Л. – Что ж, по-вашему, именно эти ансамбли выражают идею красоты-добра?

А. – Зачем тут иронизировать? Они и многое другое: в архитектуре, кроме Смольного, Собор Василия Блаженного, в живописи творчество Врубеля, в частности его киевские фрески, с их новой, по-моему, концепцией, если не Красоты, то Добра. Его голова безбородого Моисея на редкость напоминает голову Демона:

сходство, конечно не случайное. Таков же и ангел со свечой, таков же "Падший Демон", таков же, по крайней мере по замыслу, его пушкинский Пророк. Отметить зло в ангеле, отметить добро в демоне, это идея чисто русская и, кстати сказать, противоположная бескрайностям: умеряющая, не слишком восторженная, – мир не делится на черное и белое. Это тоже ведь из Нила Сорского.

Л. – Зародыш этой идеи есть и в живописи Леонардо да Винчи, у которого Вакх похож на Иоанна Крестителя... Сходство у Врубеля могло тут происходить от единства его художественной натуры или даже просто от единства в манере и приемах. Вообще трудно из пластических искусств делать сложные идейные выводы. Закончим же табель о рангах. Кто же величайших русский философ?

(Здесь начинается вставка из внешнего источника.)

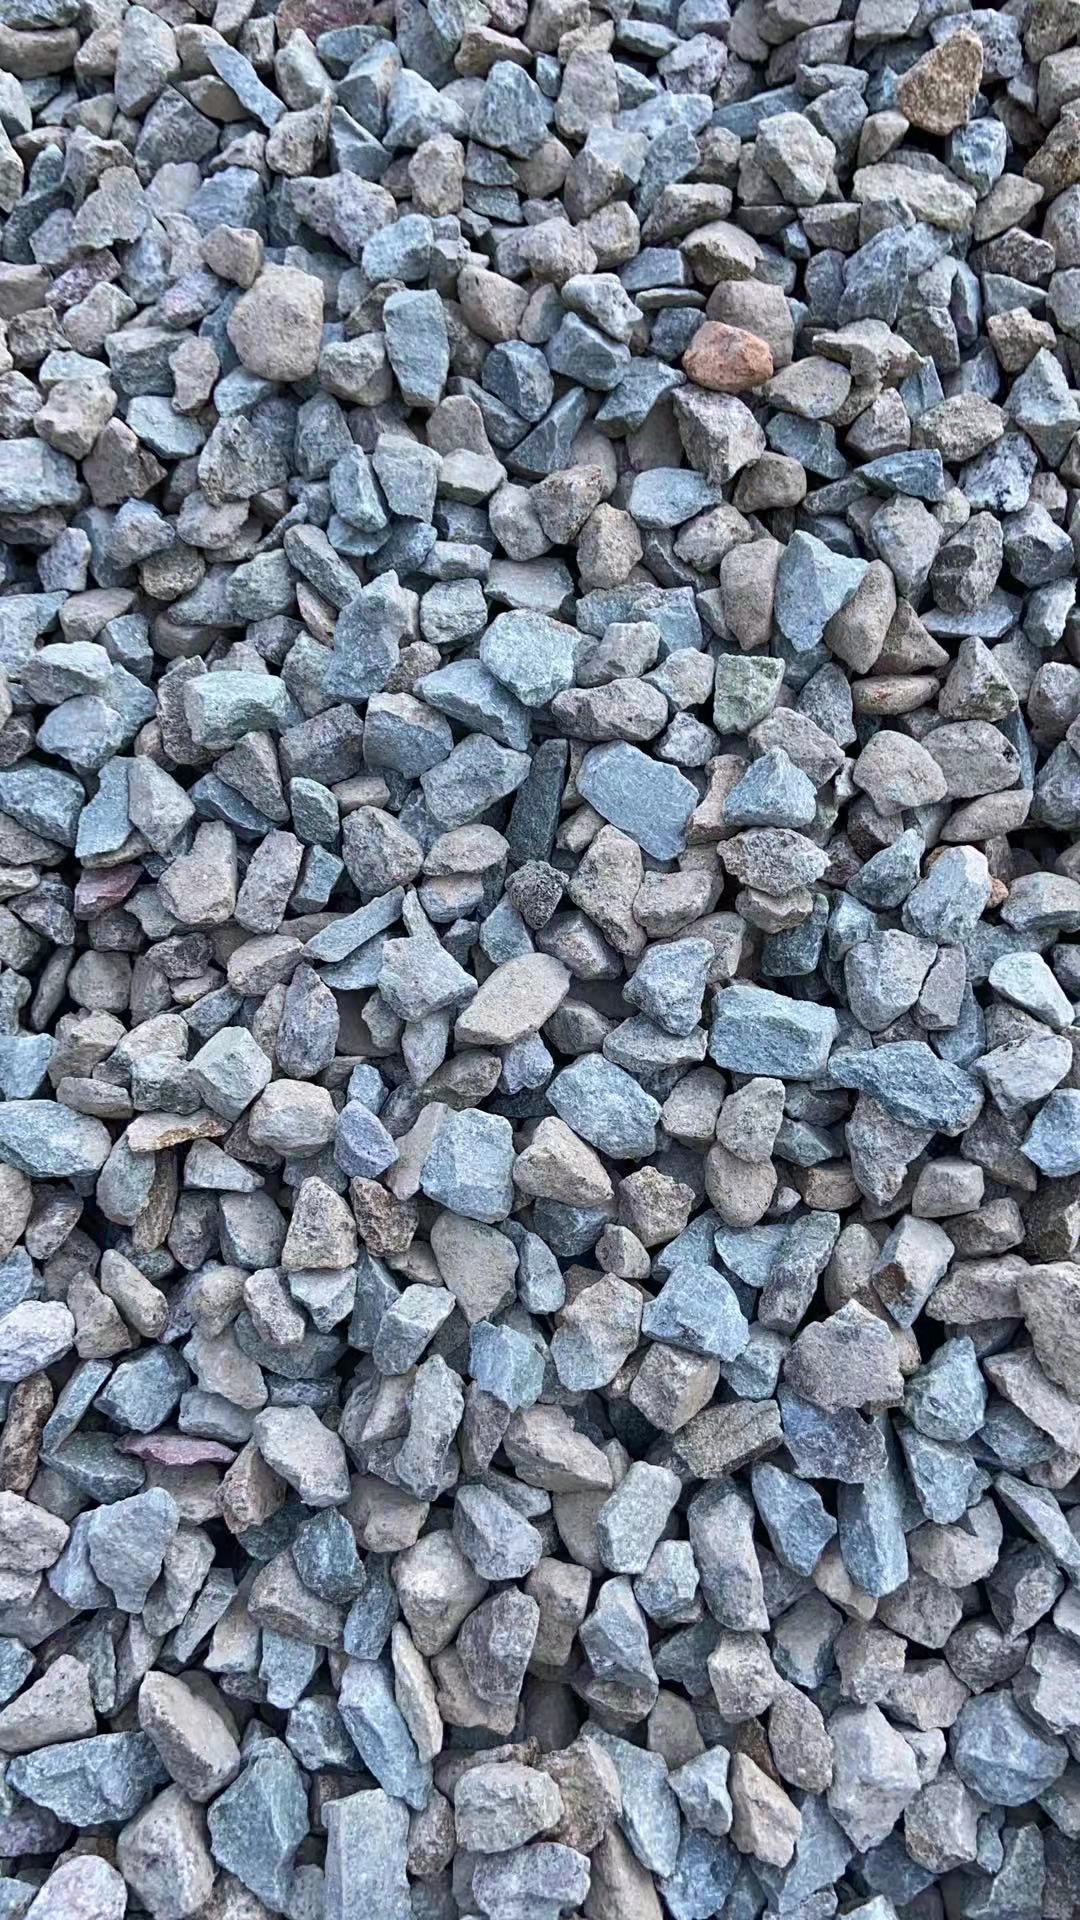 漳州砂石碎石图片,市场砂石加工厂家

А. – Вы, вероятно, скажете: Владимир Соловьев? Он, конечно, был, быть может вместе с Франком, самым универсальным из русских философов (в тесном смысле этого слова), а может быть, и самым даровитым. Почти все системы нашего времени так или иначе, в большей или меньшей мере, вышли из Соловьева, хотя бы от него отталкиваясь. А сам он из русских ни из кого не вышел: влияния на него главным образом иностранные, от Платона до Баадера. Как у Бердяева, у Соловьева было несколько философских учении. Не даром биографы и исследователи делят его уже на периоды, – кто на три, кто на четыре. Это деление, кстати сказать, лучший признак славы, – кажется, из русских философов никто другой его пока не удостоился. Верно, удостоится Бердяев, и у него «периодов» можно будет установить десять или еще больше... Я люблю Соловьева и как поэта, – это верно вызовет улыбку у некоторых современных поэтов. Люблю и как публициста, и даже как критика, – его статья о Пушкине, как бы к ней ни относиться по существу, одна из самых важных статей, когда-либо о Пушкине написанных. Это такой же удачный набег философа в область литературы, как статья о Чехове Льва Шестова. Я сказал бы даже, что и в области точного знания Соловьев порою высказывал мысли, опередившие его время. В своих размышлениях об атомизме он намечает различие не только между атомами Демокрита и атомами ученых 19-го века (что было бы не очень ново), но и различие между атомами химика и физика, «отнимающее у физических теорий атомизма, как противоречащих друг другу, всякое обязательное значение для философа»... Так же откровенно признаюсь, что многого я у Соловьева просто не понимаю. Совершенно не понимаю его учения об андрогинизме. Не понимаю единения Абсолюта с Первоначалом, различий между «понятием и тем, что в нем выражается», между первым и вторым полюсами абсолютного.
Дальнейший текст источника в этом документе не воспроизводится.